If you’re ready for it though
– if you’ve followed the threads and senses the impending climax – then Gods
and Monsters delivers shocks, thrills, twists, blood, death and more besides,
in a conclusion that, certainly more than The Curse Of Fenric, gives you the
scale of the Elder Gods and the epic battle Fenric and the Doctor have been
embroiled in. If anything, one of the problems with it is that it elevates the
Doctor to Super-Godhood, more or less because anyone or anything less should
absolutely fail. That’s the consequence of course of making your villain the
ultimate ultimate ultimate evil. To beat it, you have to have a hero
who’s bigger and better than anything you can currently imagine, and it rather
runs the risk of pushing the doctor too far in that direction. That said, it
does also punch him back down to being a David standing against his personal
Goliath when people, when pawns and knights and players start to fall around
him. There’s outstanding work by the companions in this story too, everything
elevated, everything tense as a bowstring, with Ace, Hex, Lysandra and Sally
all reaching points of destiny which define who they are and where they go from
here. Certainly, after Gods and Monsters, nothing will be the same again for
any of them, and arguably not for the Seventh Doctor either. It is, in a sense,
the big battle that his life on audio has been building up to, the battle the
Seventh Doctor’s life has been building to ever since the events of The Curse
Of Fenric, and certainly the battle to which small events and large ones have
been leading him in the audio stories leading up to this event.
The point of all of which
rhetoric is that you really need to hear Gods And Monsters.

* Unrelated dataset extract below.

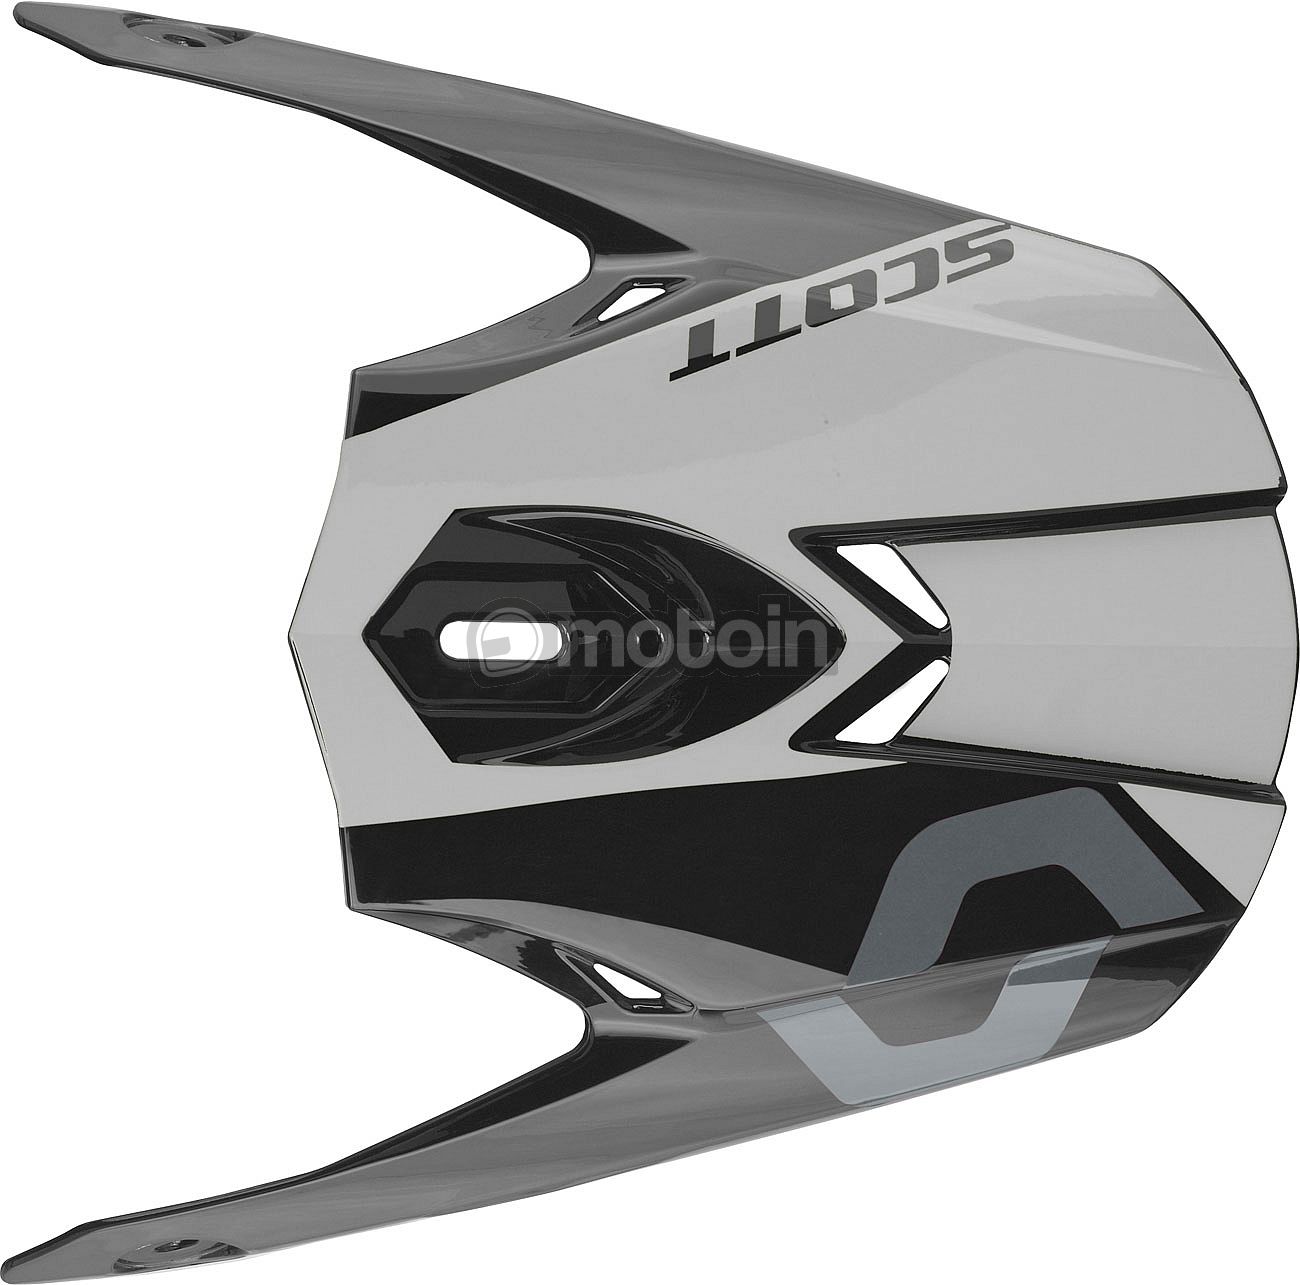 Scott 350 pro race visor casco visera blanco/negro

Most Seventh
Doctor fans are Curse of Fenric fans in any case, so the idea of an audio rematch
with the Elder God is enough to make it irresistible to many. The fact that you
need to put the work in and get through a whole slew of other audios to get the
full effect of Gods And Monsters is somewhat unavoidable, and the journey is
not particularly easy at many points – you’re going to need to keep a hold of
your sanity as some of the stories that lead to this finale are bizarre in the
extreme (The Magic Mousetrap, I’m especially looking at you…). But in a world
where people watch eight seasons of Game Of Thrones just to find out what the
hell eventually happens, Gods and Monsters is a story whose time has probably,
finally, come.
Strap yourself in, go back
to The Harvest, listen to a shedload of other stories first, and then prepare
yourself for the epic screaming weirdness that is Gods and Monsters.